BEGIN

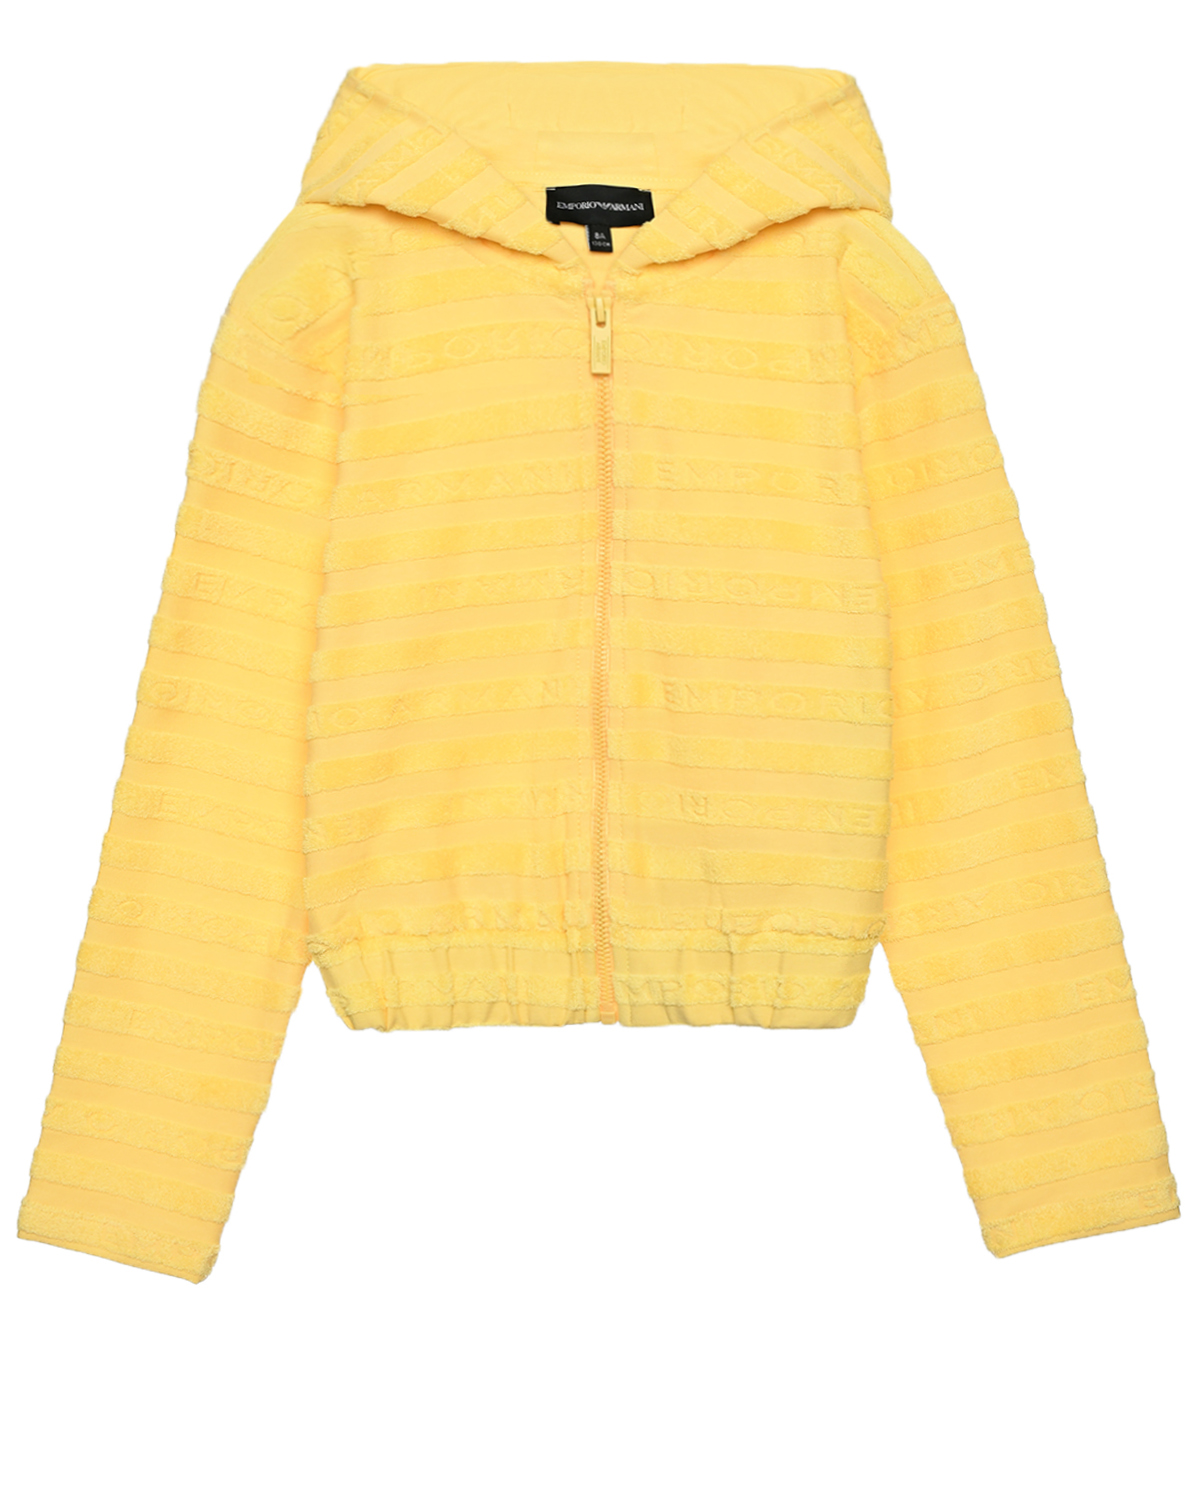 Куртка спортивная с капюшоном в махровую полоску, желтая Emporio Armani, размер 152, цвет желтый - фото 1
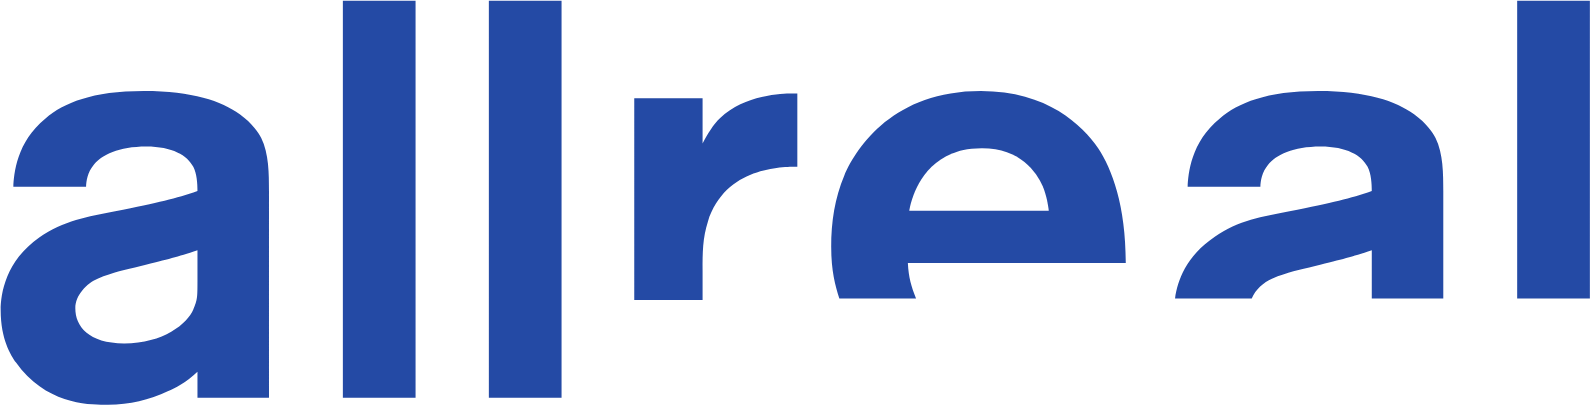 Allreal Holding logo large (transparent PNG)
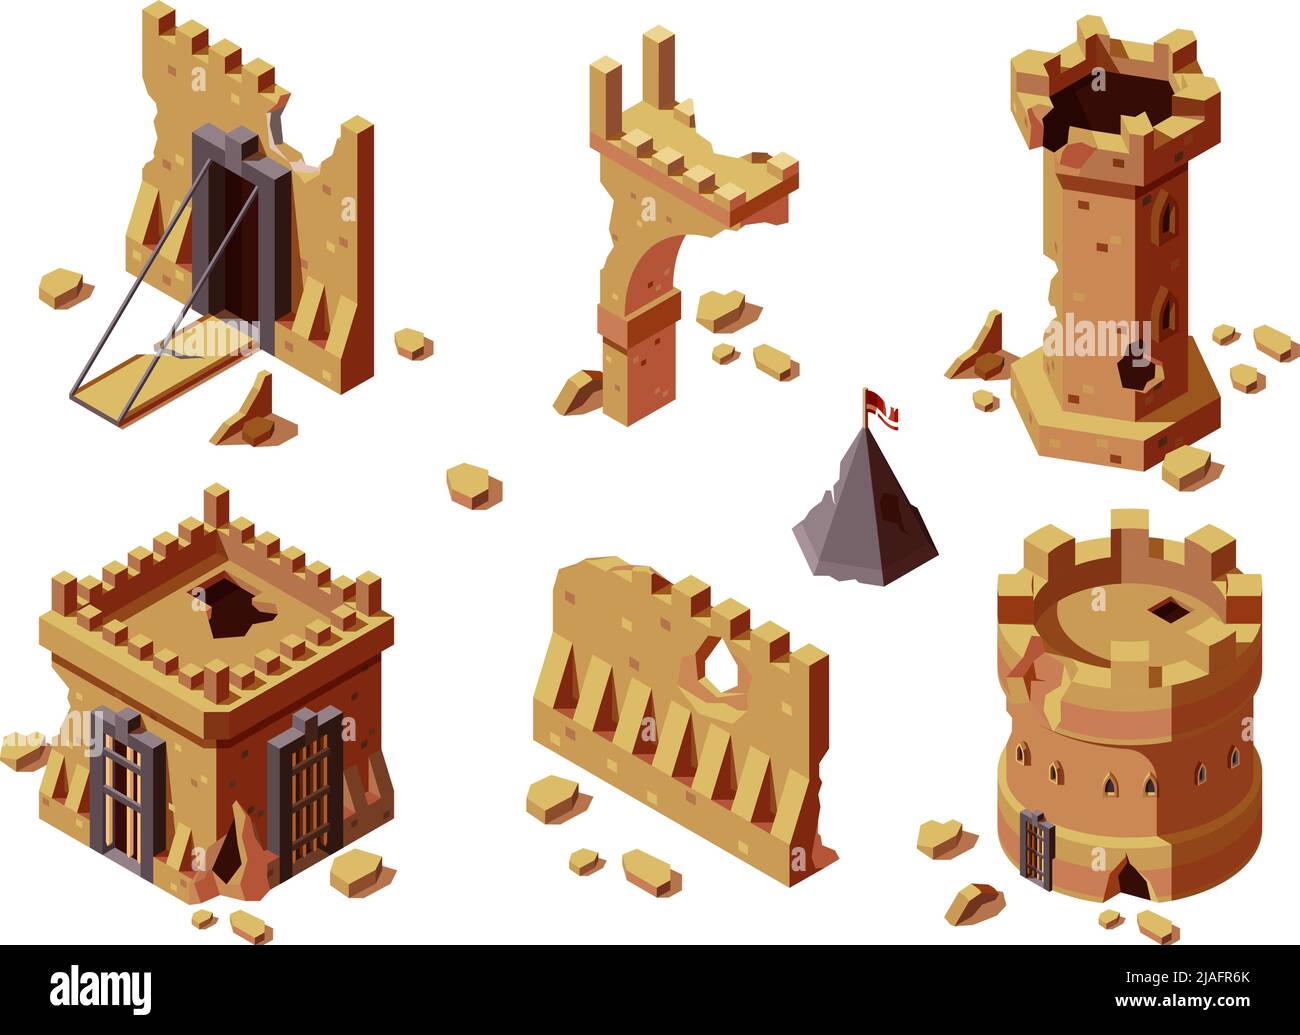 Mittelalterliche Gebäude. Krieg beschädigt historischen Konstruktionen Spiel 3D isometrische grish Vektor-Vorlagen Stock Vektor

END

**Problem requirements**
Instruction for this listing: copy it exactly, but leave the images behind.

**The completed task**
 Куртка спортивная с капюшоном в махровую полоску, желтая Emporio Armani, размер 152, цвет желтый - фото 1
 Allreal Holding logo large (transparent PNG)
 Mittelalterliche Gebäude. Krieg beschädigt historischen Konstruktionen Spiel 3D isometrische grish Vektor-Vorlagen Stock Vektor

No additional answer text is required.